Hope has teeth!
A poem of mine and my reflection years later.
For a long time after my husband Isaac died, I would go to Davy Spillane’s Caoineadh Cú Chulainn the way some people go to church. I am a believer don’t get me wrong- but that tangible song was a springboard for me.
It became the place I visited my grief — intentionally, almost tenderly, like pressing a bruise to be sure it still remembers. To wake from the nightmare and see its still all true. Most of all to have my heart held and my diaphragm primed so I could in fact release my sobs.
The uilleann pipes felt like the only sound vast enough to hold what lived inside me then. The bellows under the arm, the breath through leather, the ancient cry of it — sharp, honest, searing. It helped that my father loved this instrument, he was a drummer and had said if he had picked up another instrument it would be Uilleann Pipes.
Davy’s rendition of Caoineadh Cú Chulainn was other wordly- it hurt, but it was a truthful hurt. A fire I sat beside because it was the only warmth grief offered. I sat by this fire often enough to one day write lyrics for this air.

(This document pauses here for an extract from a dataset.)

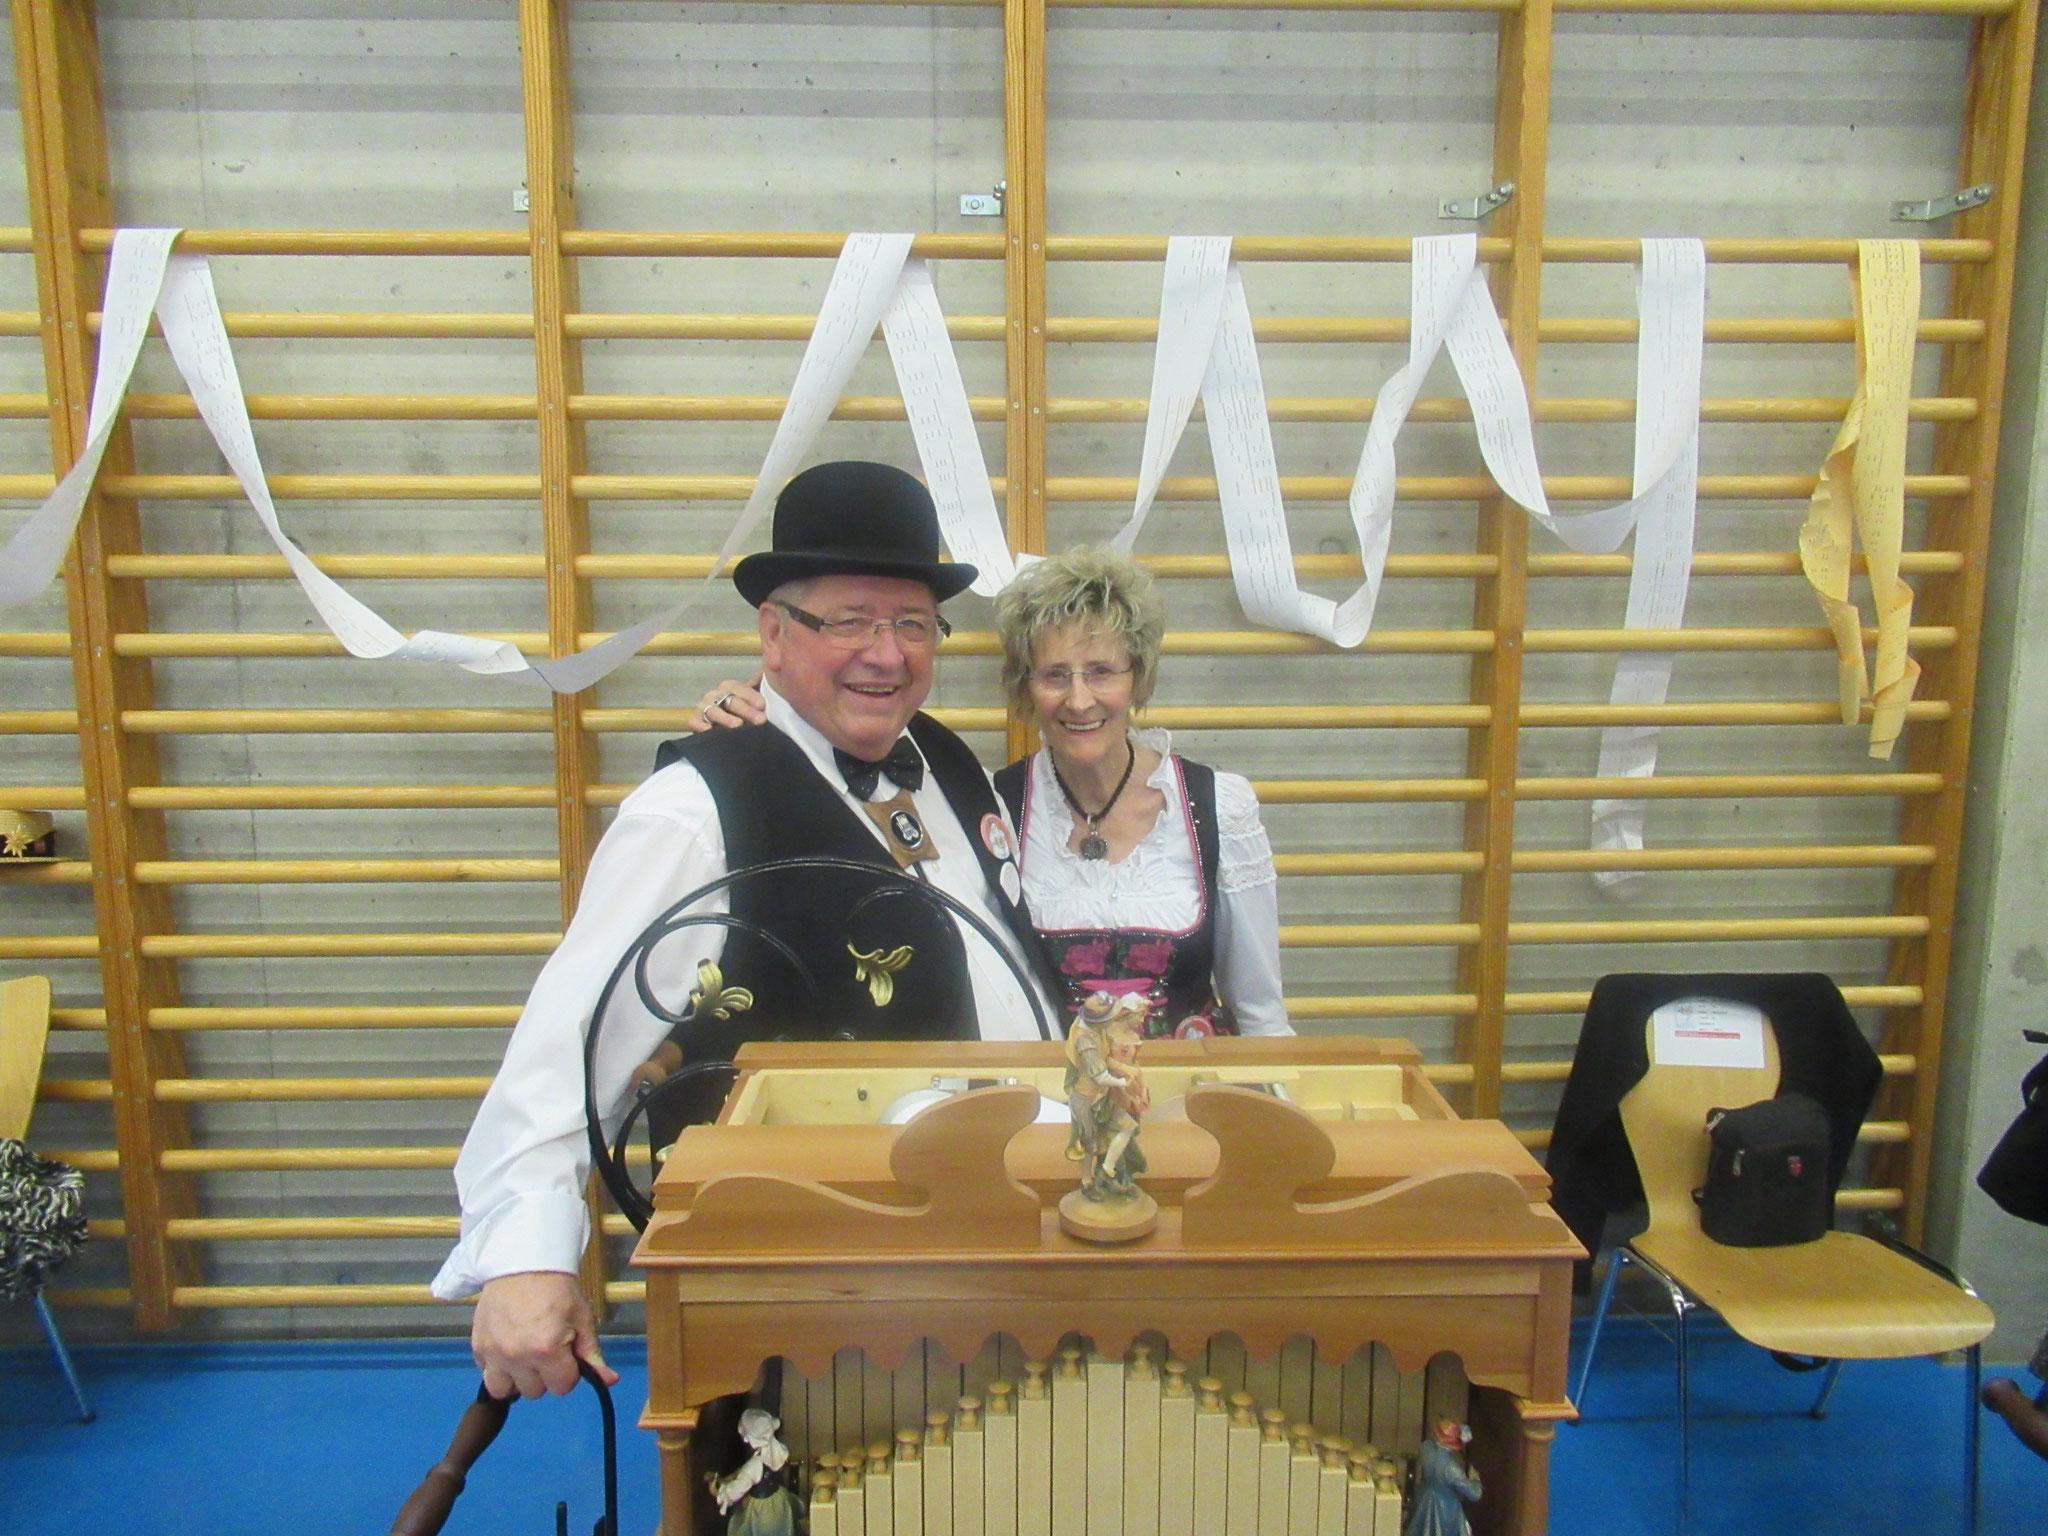 Godi und Helen Suter aus Solothurn
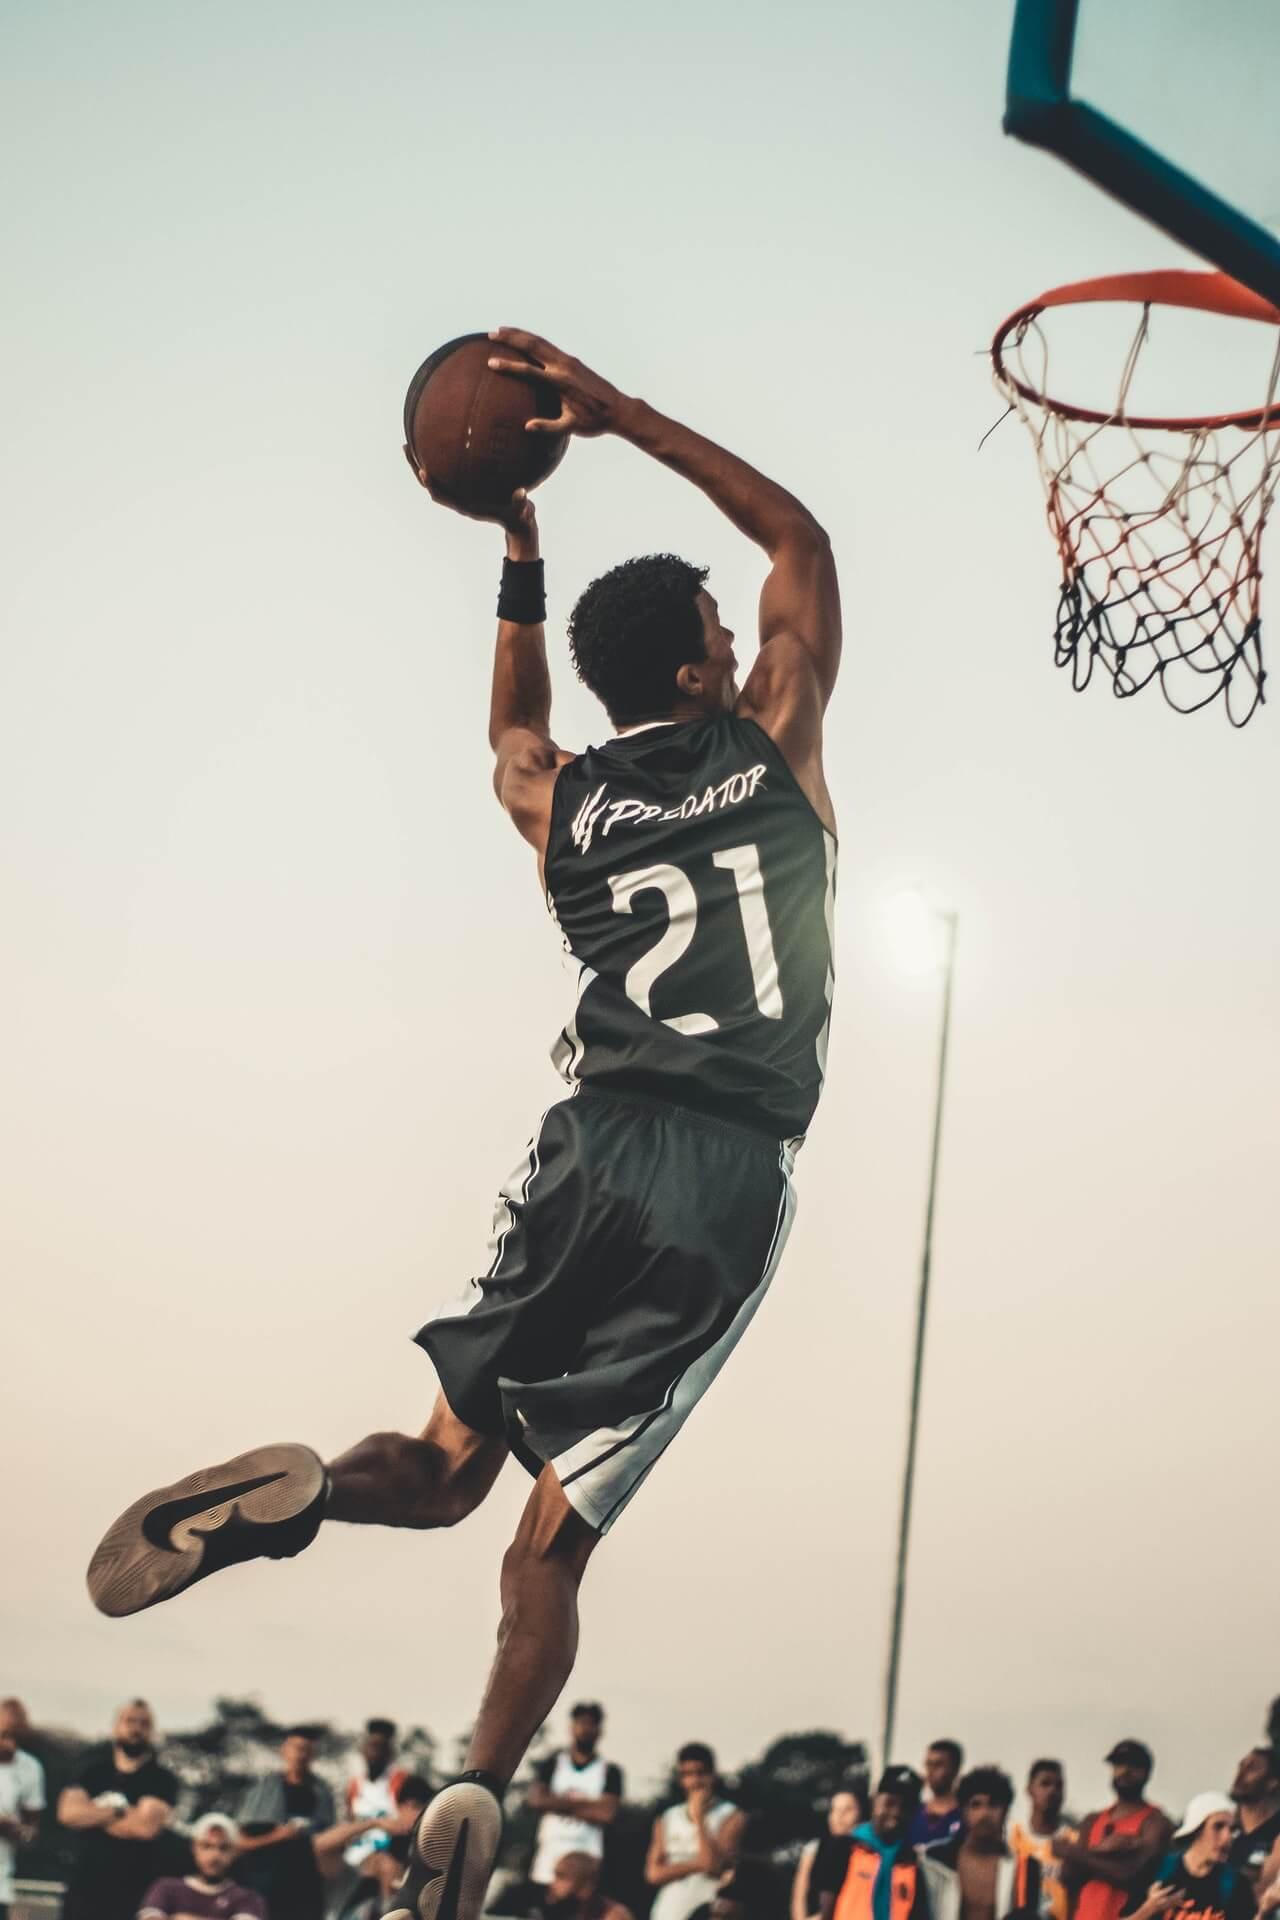 Lesiones comunes en el baloncesto

Most mornings I drove the coast road to work in Spiddal wrapped in silence or shock. The grief lived in my mouth like salt. (To this day I still have struggles with my mouth and tongue.) The car became like an altar — the only place I could fall apart and still arrive somewhere. A sacred place to hold my pain.
Then, when my body could bear something other than keening, I began to let the radio speak to me.
Marty Whelan’s morning show on Lyric FM became a soft landing for me— a voice that asked nothing of me. It was just music. Just morning. He has a sunny voice. Like my Isaac did- even his anme meant laughter.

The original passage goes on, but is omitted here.